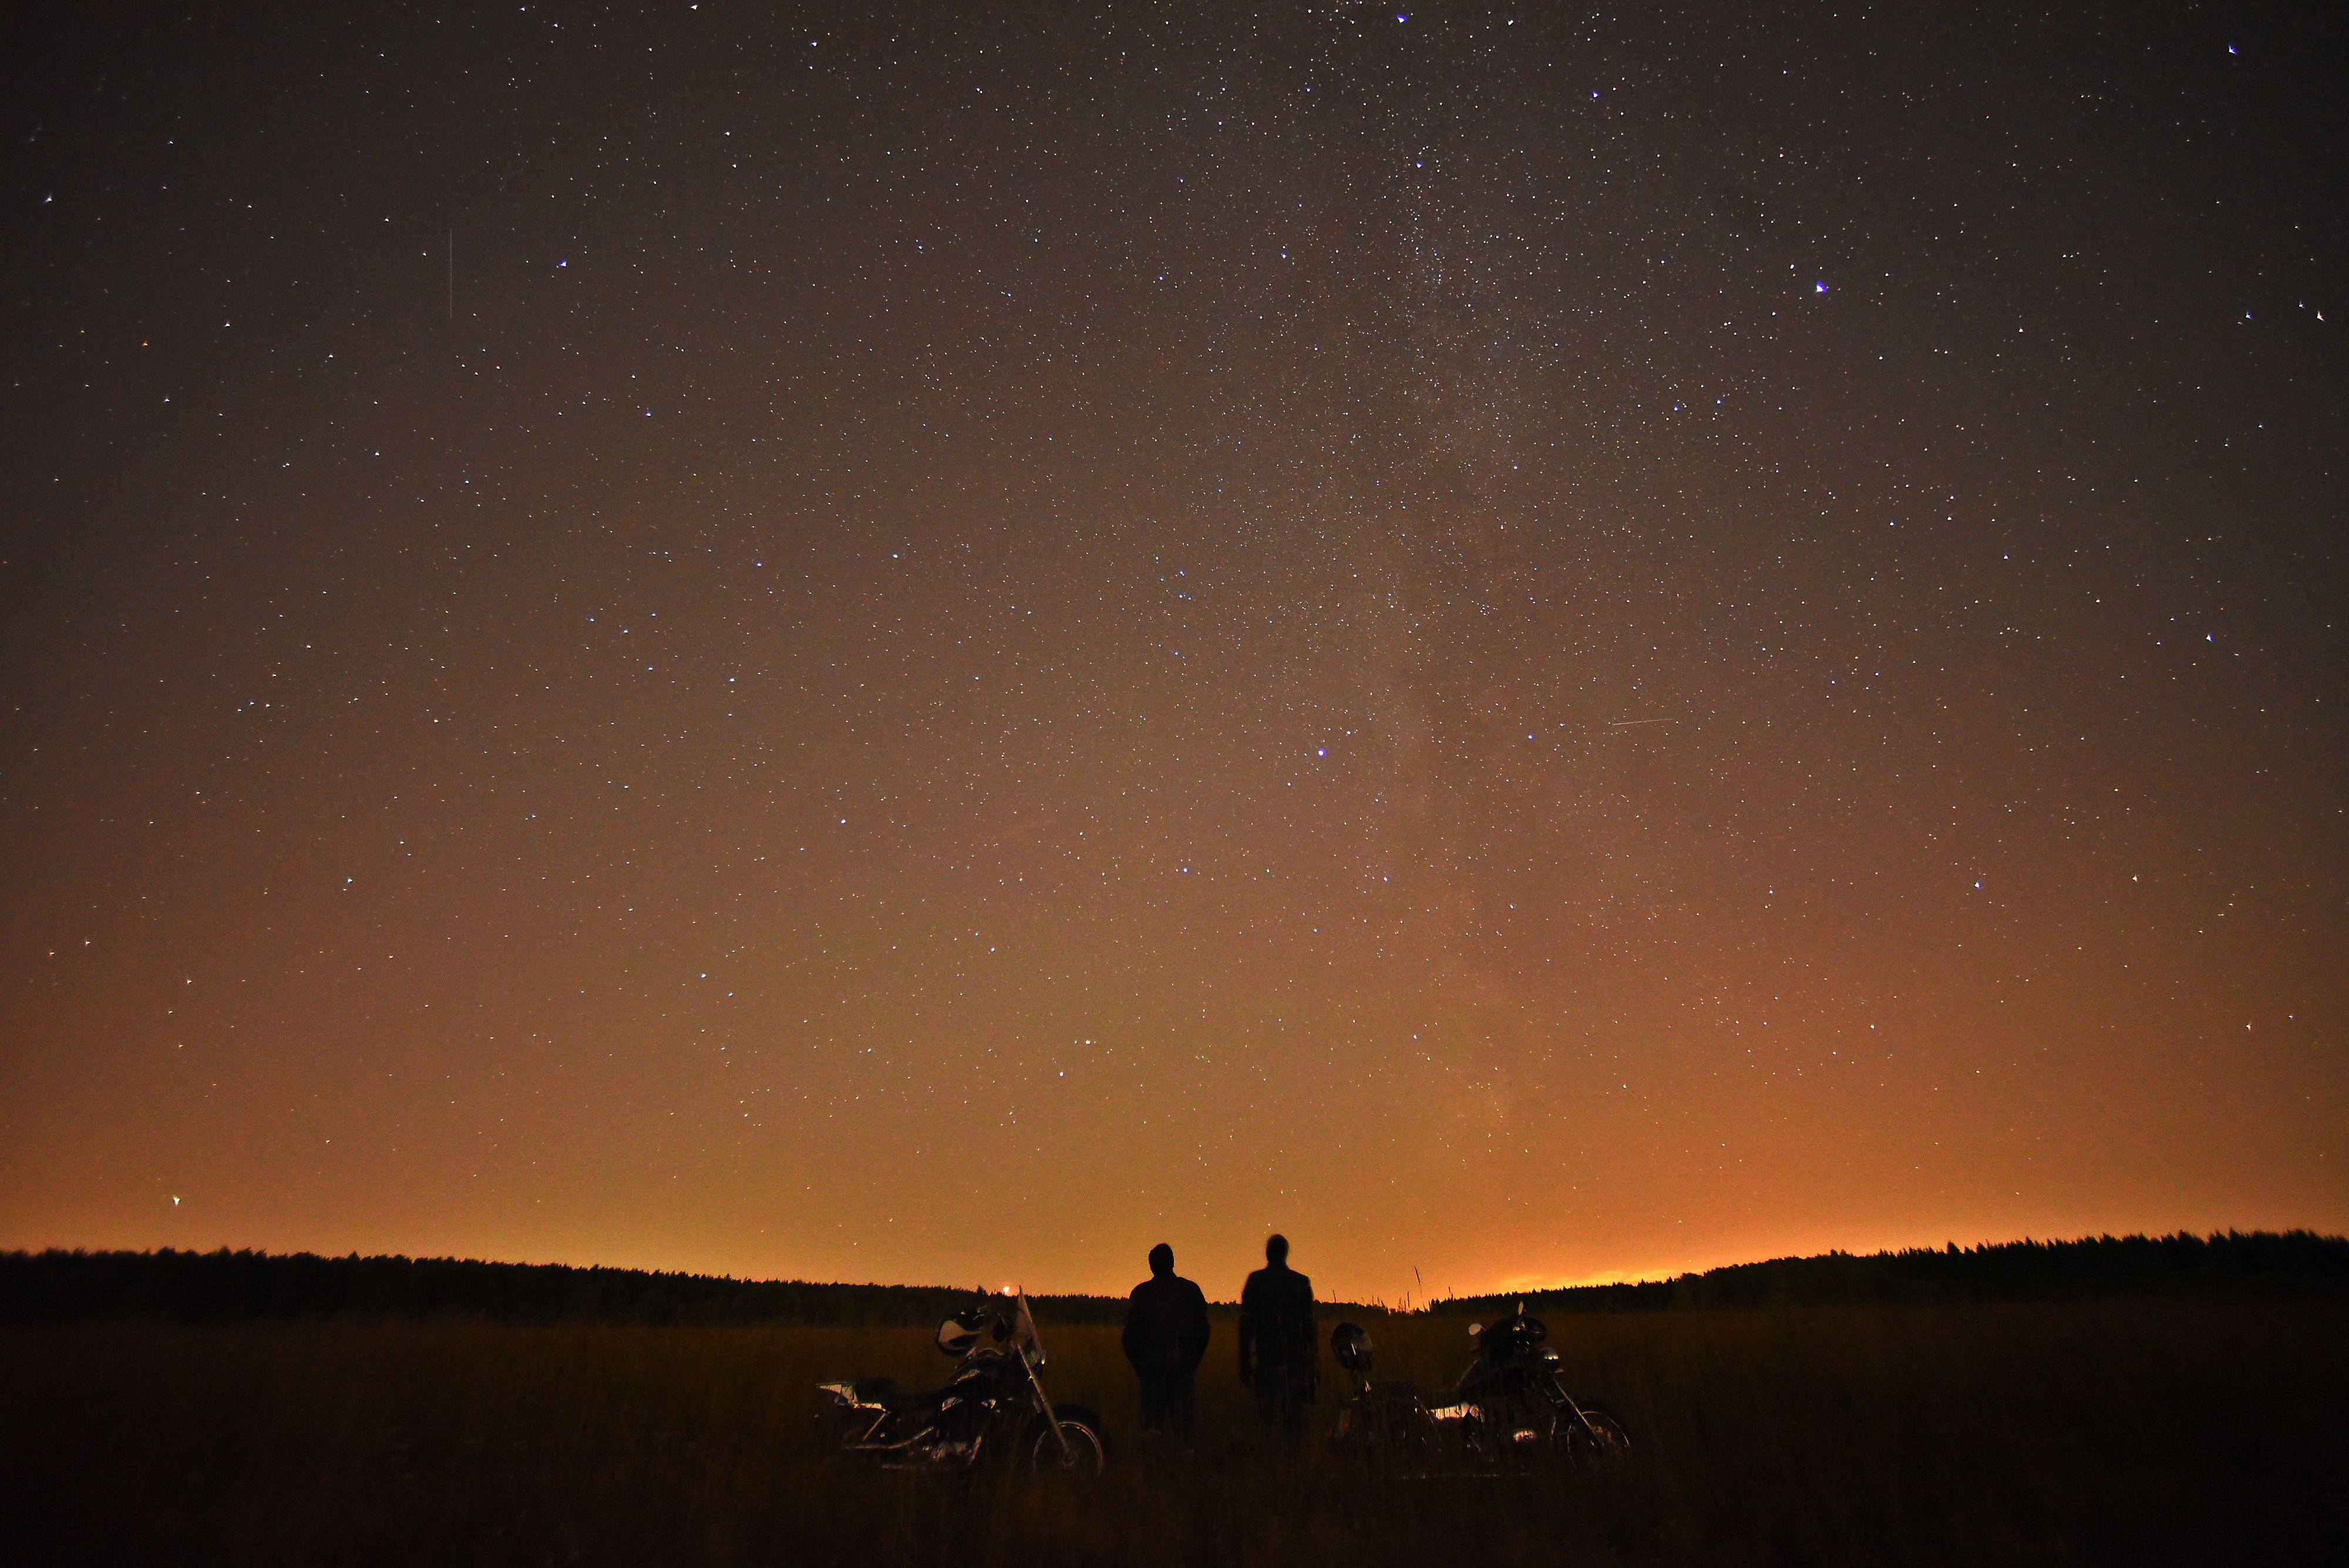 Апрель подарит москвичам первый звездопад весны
...
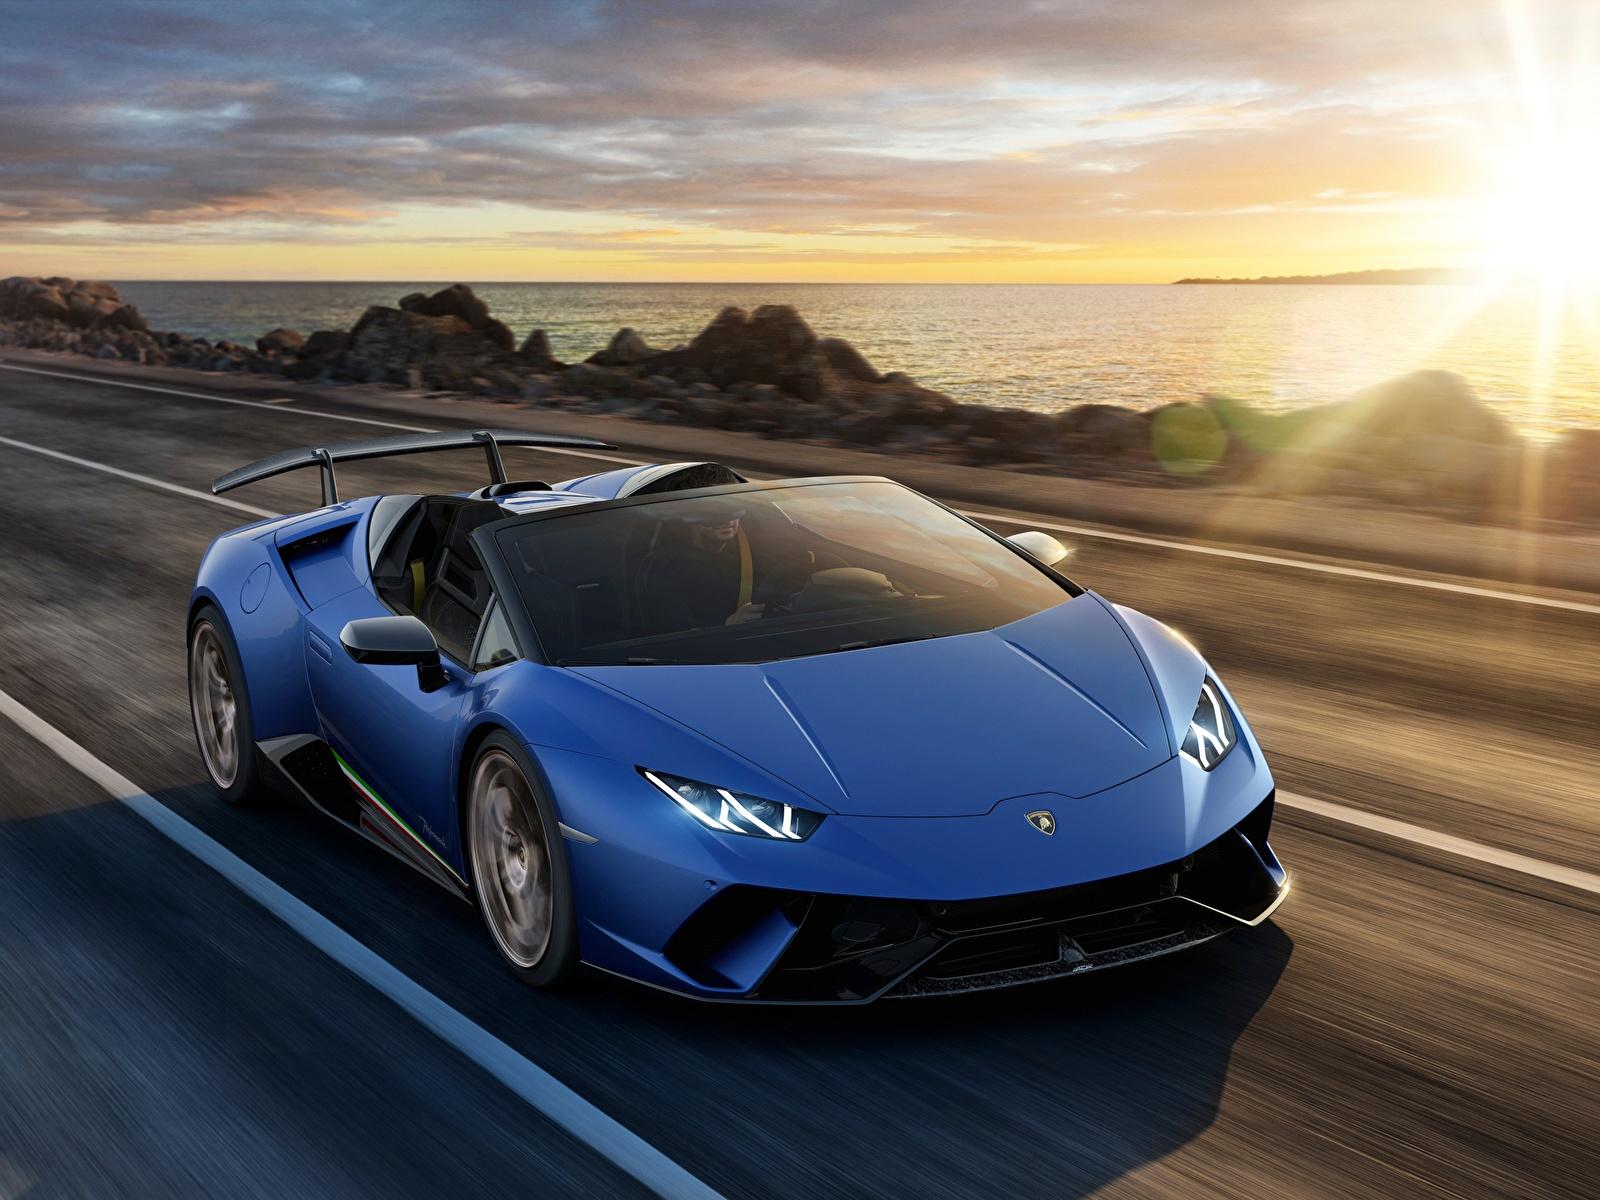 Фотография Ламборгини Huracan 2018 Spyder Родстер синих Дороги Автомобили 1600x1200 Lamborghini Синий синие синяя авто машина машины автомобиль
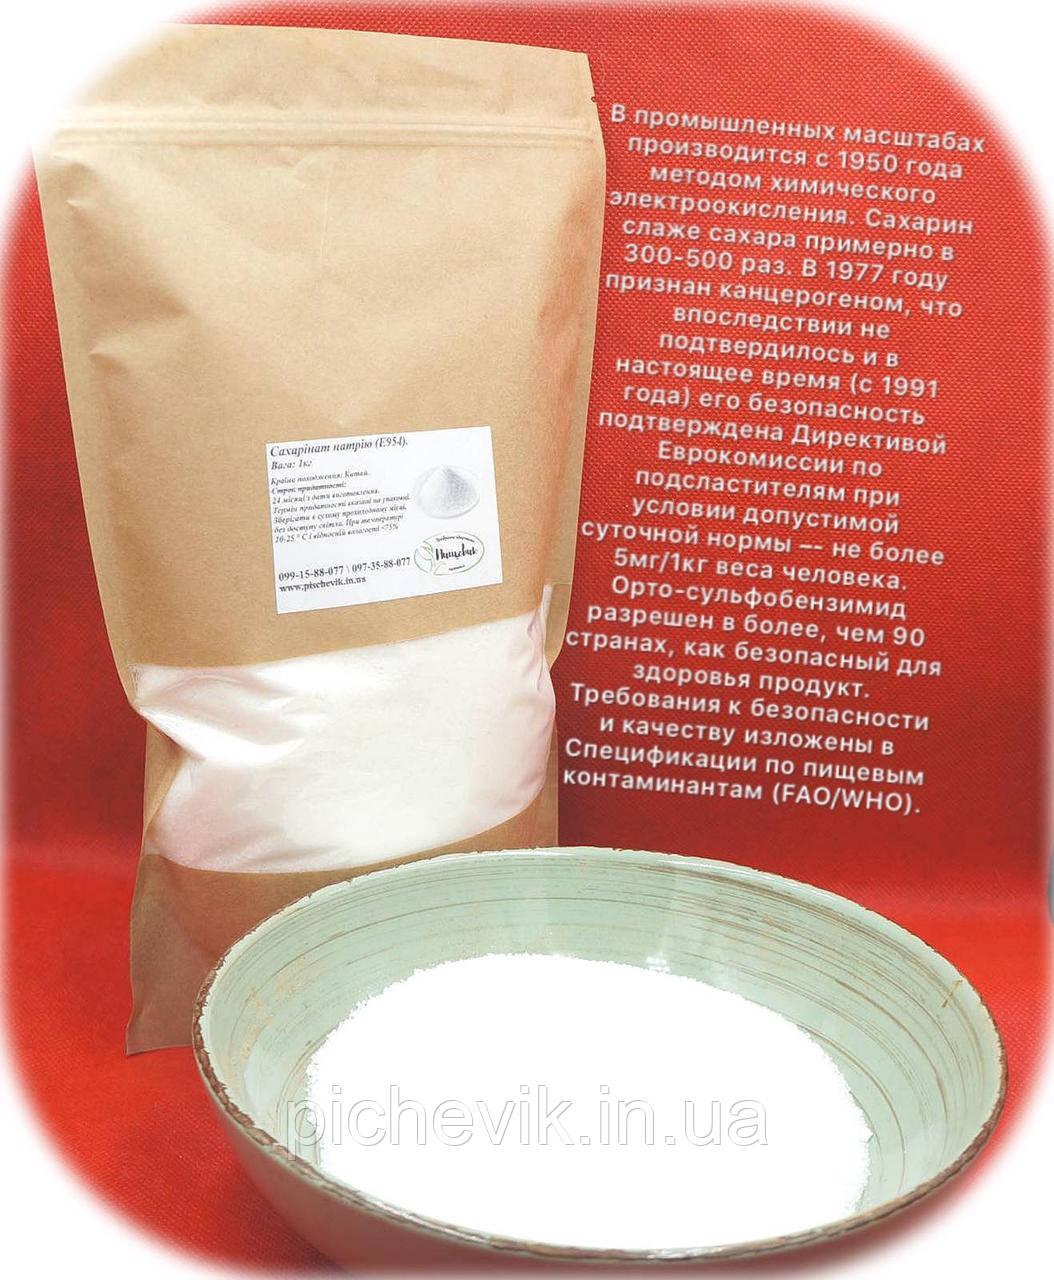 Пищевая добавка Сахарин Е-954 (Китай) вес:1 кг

> Exercise objective: With the pictures removed, print only the lines starting at the line that has "Фотография Ламборгини Huracan" and ending at the line that has "Пищевая добавка Сахарин", both ends included, exactly as they stand above.

> Completed exercise:
 Фотография Ламборгини Huracan 2018 Spyder Родстер синих Дороги Автомобили 1600x1200 Lamborghini Синий синие синяя авто машина машины автомобиль
 Пищевая добавка Сахарин Е-954 (Китай) вес:1 кг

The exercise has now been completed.